If our employers do not pay CPF contributions on time, they may have to pay interest on late payments and a fine, which will go towards making up for any loss in employee’s interest returns. Employers who pay late may face:

  • Late payment interest, charged at 18% per annum (1.5% per month), or a minimum of $5 per month.
  • Fines of between $1,000 and $5,000 per offence and/or up to 6 months jail
  • Fines of between $2,000 and $10,000 per offences and up to 12 months jail for repeat offenders
  • Fines of up to $10,000, imprisonment of up to 7 years or both if employee’s share of CPF contributions are deducted by fail to pay to CPF Board

How Do I Check My CPF Contributions?

Step 1: Login to your CPF Account, via the CPF website.

Step 2: You should see the latest CPF contribution and the date you received the funds.

Step 3: To check on additional details and past contributions, go to My Statement (Section B) and click to see your Contribution History.

Alternatively,  we can also use the CPF app to review our contributions.

Even though the responsibility of making CPF contributions is on our employer, we should still regularly check if we have received the right amount.

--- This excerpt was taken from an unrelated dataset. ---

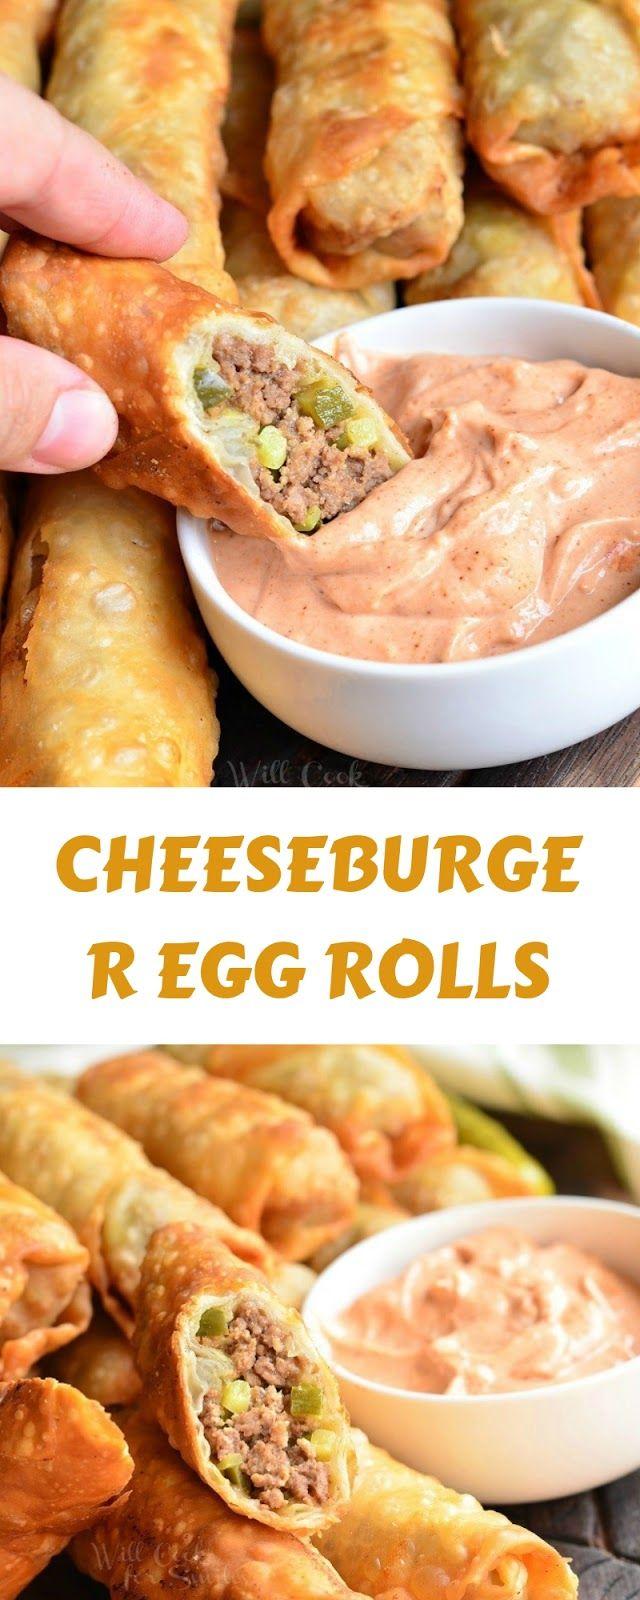 Cheeseburger Egg Rolls #eggrolls

If we spot any errors, we should check in with our employer, and if we need to escalate the issue, we can email the Ministry of Manpower.

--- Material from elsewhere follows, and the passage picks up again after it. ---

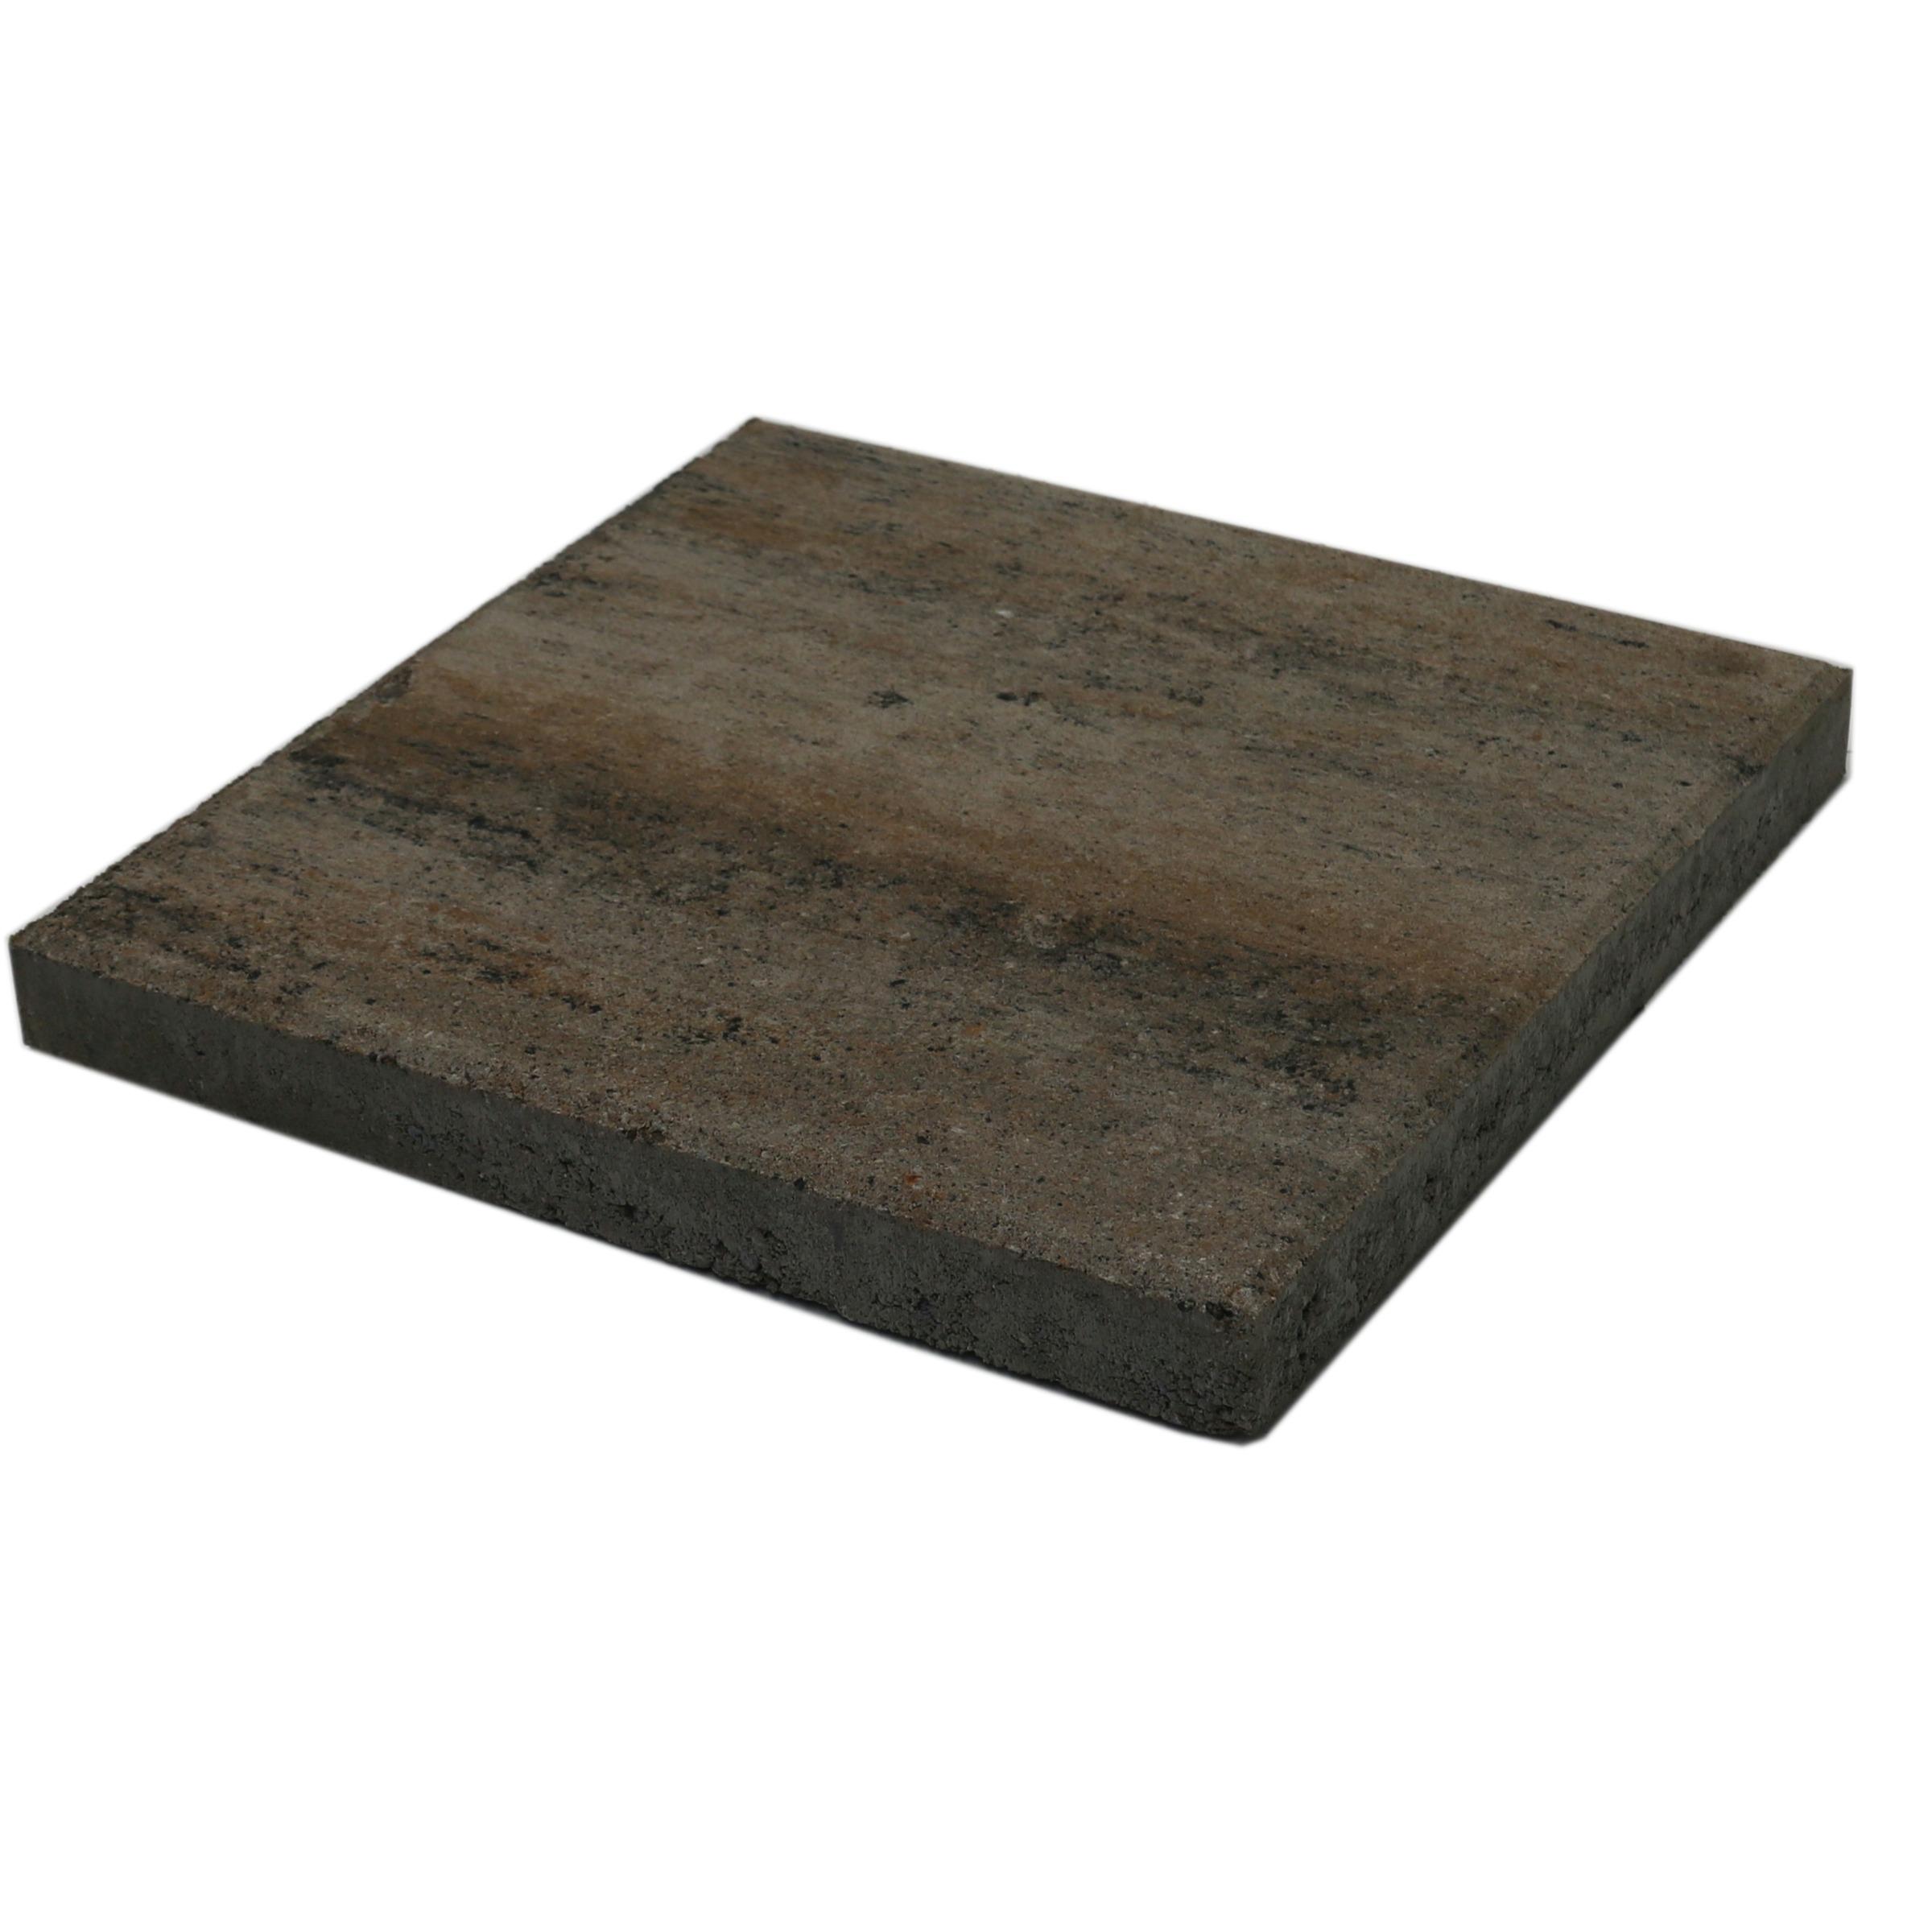 Terrastegel Beton Quadro Schelp Grijs/Bruin 40x40 cm - Per Tegel - 0,16 m2

Since our employer has up to 14 days to make payment, we should only raise the matter after that.

What Can I Use My CPF Contributions For?

Balances in our CPF accounts can be used in diverse ways to simplify and improve our lives:

# 1 We can use our CPF contributions to pay for our home downpayment and monthly mortgages

# 2 Treat it as forced savings for our retirement and healthcare needs. In addition, we can also use part of our Ordinary Account and Special Account balances to invest in the stock market and other financial products

# 3 Pay for our or loved ones’ education in Singapore, at approved institutions. One important thing we have to note is that we need to pay these funds back, with accrued interest.

Read Also: Complete Guide To Using Your CPF To Pay For University And Polytechnic Fees Under The CPF Education Scheme

# 4 Pay for certain of our or our loved ones’ insurance policies in Singapore. We can use our OA balances to pay for our Home Protection Scheme (HPS) and Dependents’ Protection Scheme (DPS), which provide our loved ones with greater financial security. We can also pay for our and our loved ones’ MediShield Life premiums and ElderShield or CareShield Life premiums with our MA balances.

# 5 Once we turn 55, our OA and SA balances will be transferred into our RA. These funds will be used to give us a lifelong monthly income via CPF LIFE, after we retire.

Read Also: What Happens To Your CPF Monies After Transferring It To Your Retirement Account (RA) At Age 55?


This article was first written on 15 April 2019 and has been updated.